Greenreport
Crescono le inchieste e calano gli impianti, la gestione rifiuti toscana sempre più nel caos
Dalla Procura di Firenze nuova azione contro la società 100% pubblica Alia: 33 indagati, 9 misure cautelari e 0 soluzioni all’orizzonte
Di Luca Aterini
In Toscana le inchieste sulla gestione dei rifiuti che generiamo ogni giorno – fino a raggiungere 12 mln di ton l’anno, tra urbani (2,27 mln ton) e speciali (9,8 mln ton) – non si chiudono, ma anzi crescono a macchia d’olio: ieri nel mirino della Procura di Firenze è tornata Alia spa, vero e proprio perno dell’economia circolare toscana nonché gestore unico dei servizi d’igiene urbana nell’Ato Toscana centro.
Un soggetto interamente pubblico, che ora ha 33 indagati fra dirigenti e responsabili per varie ipotesi di reato continuate, in concorso, di traffico illecito di rifiuti, frode nell’esercizio del commercio e getto pericoloso di cose. Sono state emesse anche 9 misure cautelari personali inerenti l’interdizione dai pubblici uffici (da un massimo di 12 mesi ad un minimo di 3) di dirigenti e funzionari della società Alia e di società ad essa collegate; inoltre è stato messo in atto un sequestro preventivo di alcune aree del Polo tecnologico di San Donnino
Si tratta dell’ampliamento di un’indagine avviata nel 2016, una delle tante che da allora si sono abbattute sull’economia circolare toscana: si ricordi ad esempio l’inchiesta Demetra sempre del 2016, la Dangerous trash del 2017, la Blu mais e la Stop stinks del 2020, mentre il 2021 conta già l’inchiesta Keu e adesso quella con al centro Alia. Nessuno di questi filoni ci risulta arrivato a sentenza, men che meno definitiva, ma in compenso le inchieste continuano a crescere e con loro il clamore mediatico, che a sua volta contribuisce ad alimentare le sindromi Nimby contro gli impianti necessari per gestire la nostra spazzatura: un circolo vizioso.

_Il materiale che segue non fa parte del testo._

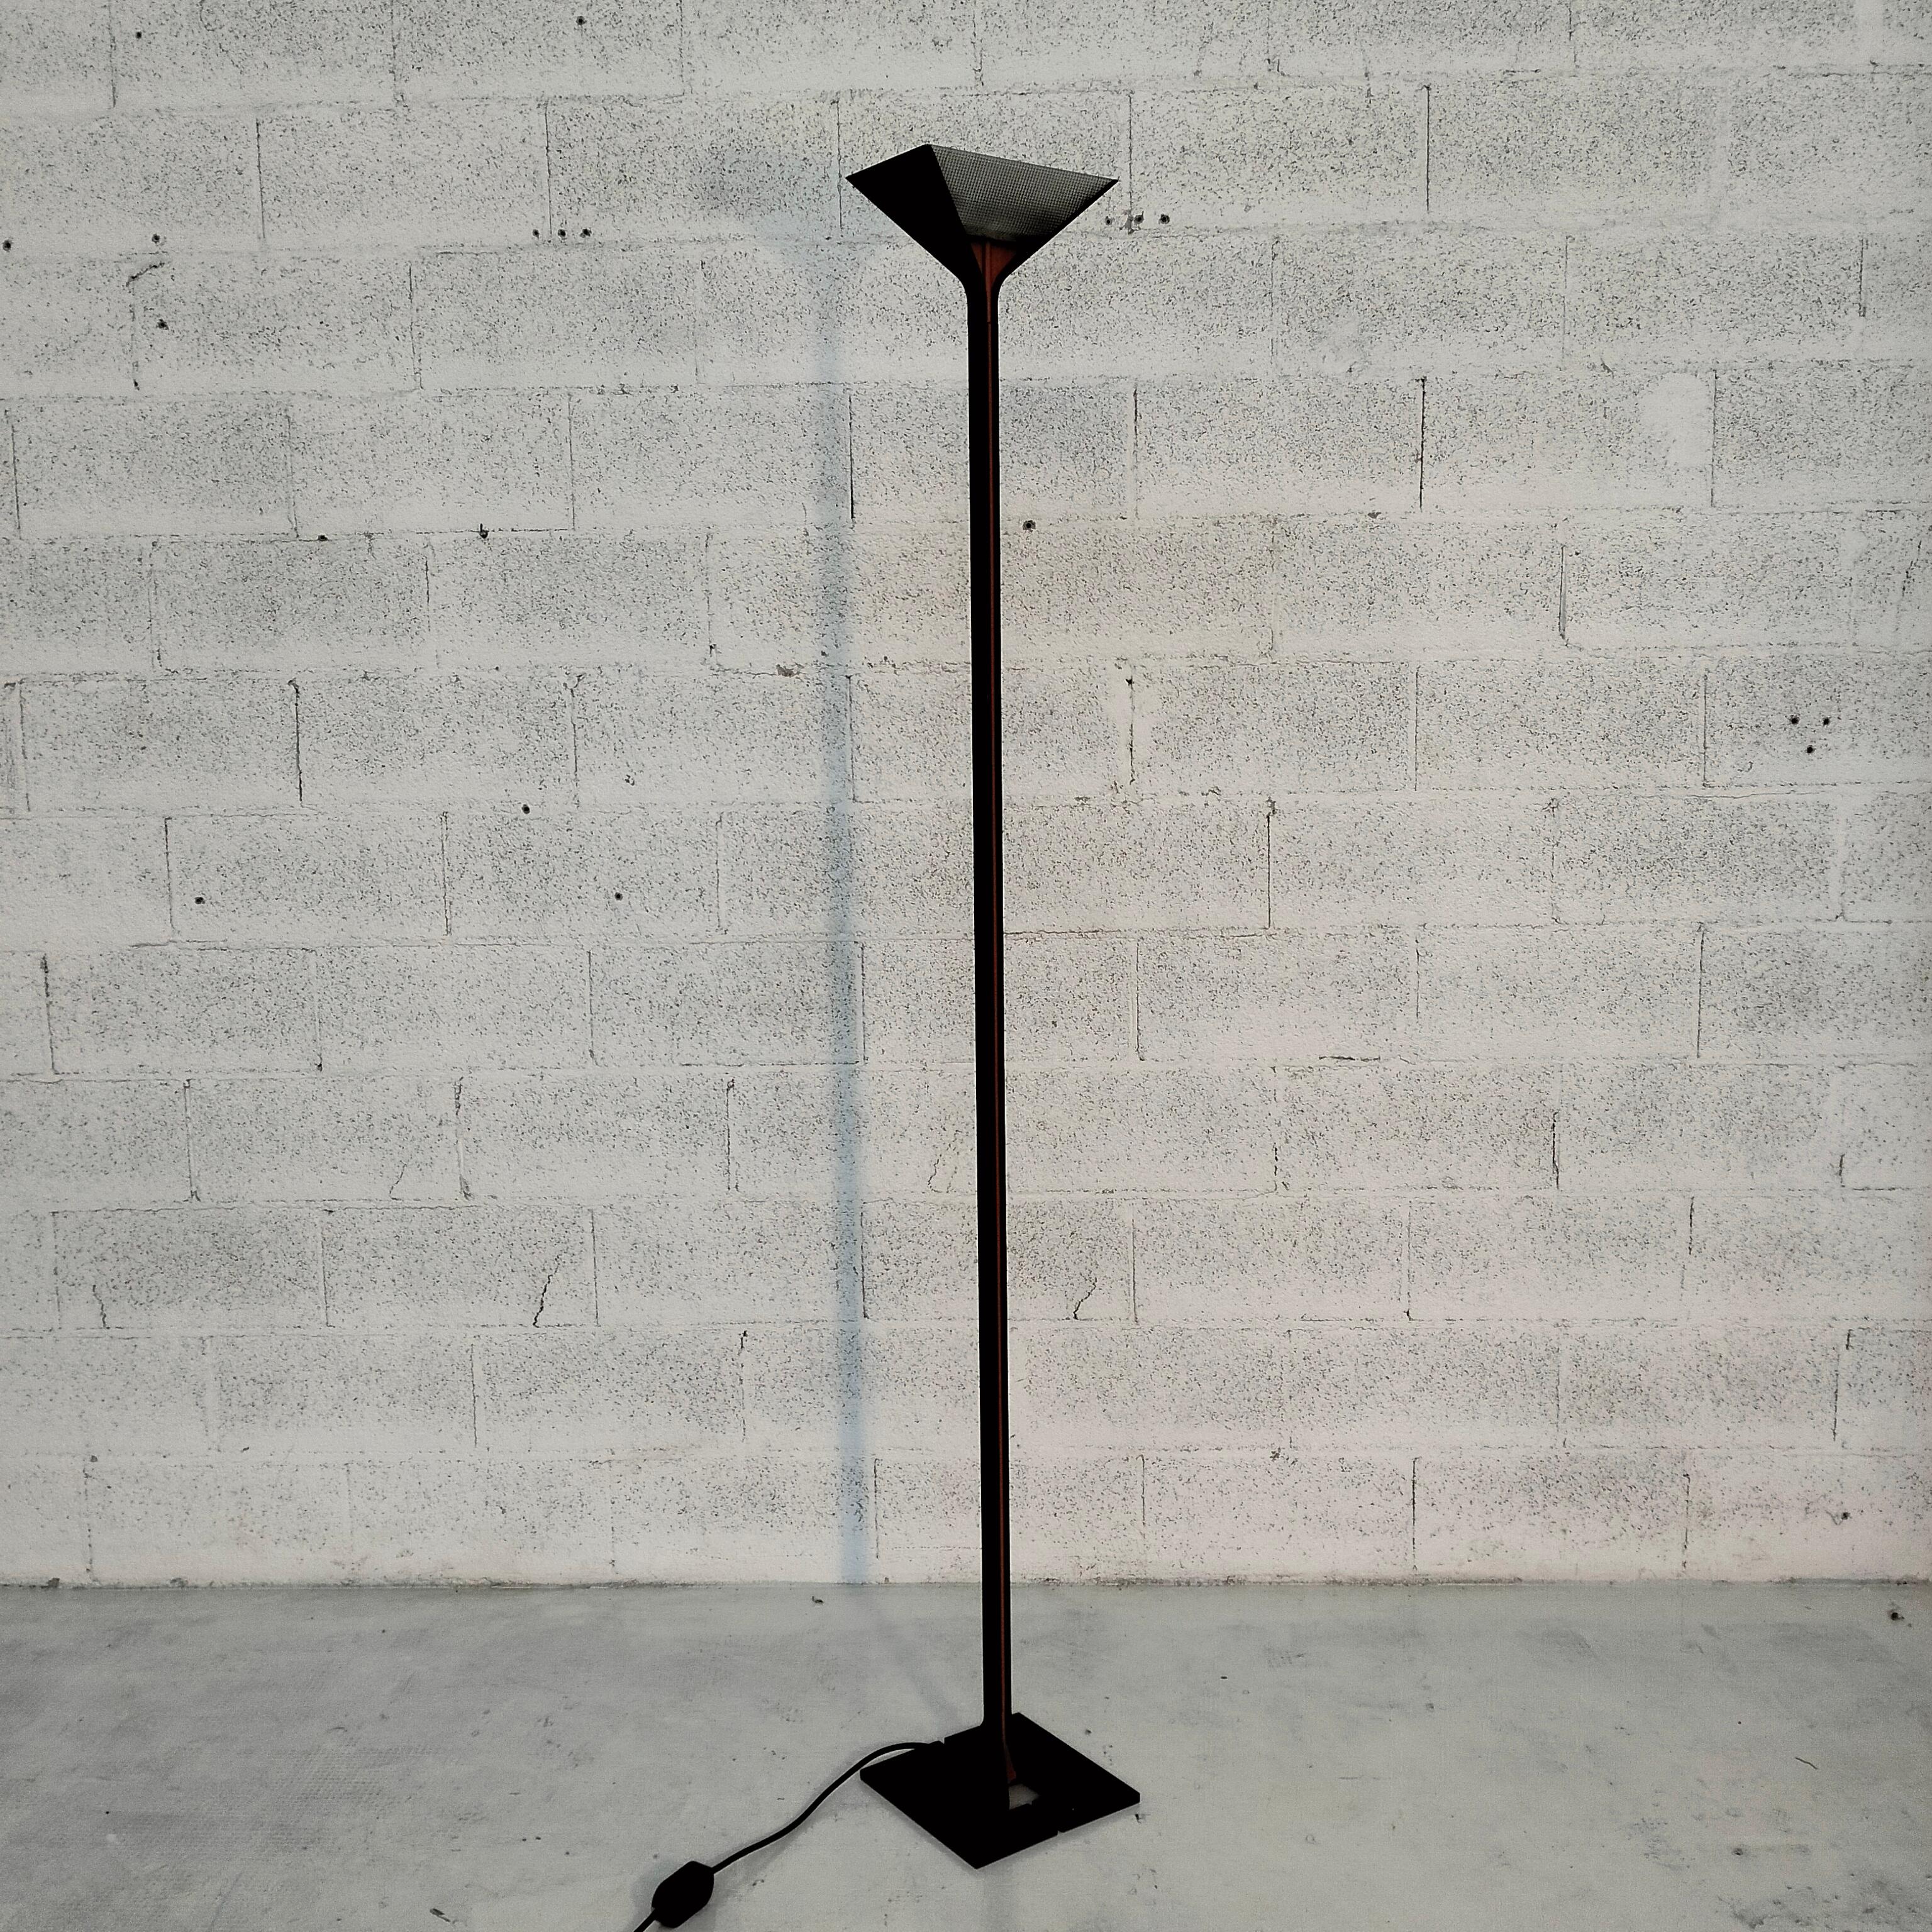 Flos Papillona is a floor lamp with a simple and modern design. Designed by Tobia Scarpa in 1975, it is a classic from those memorable years which saw the birth of most of the lamps that are still very current today.

Born in Venice in 1935, Tobia

«Nell’auspicare che le persone coinvolte possano chiarire al più presto la propria posizione e convinti che debba essere fatta piena luce sulla vicenda, riponiamo fiducia nei nuovi vertici di Alia insediati da pochi mesi», commentano dal Comune di Firenze – in qualità di principale socio di rifermento della società – in merito all’inchiesta. Nel frattempo, oltre a confermare «piena fiducia nel lavoro della magistratura e totale collaborazione» Alia comunica di «aver dato immediata esecuzione alle misure cautelari interdittive contenute nel provvedimento del Gip. Sono state pertanto revocate tutte le deleghe e le procure ai dirigenti coinvolti, riaffidando a personale interno funzioni e responsabilità».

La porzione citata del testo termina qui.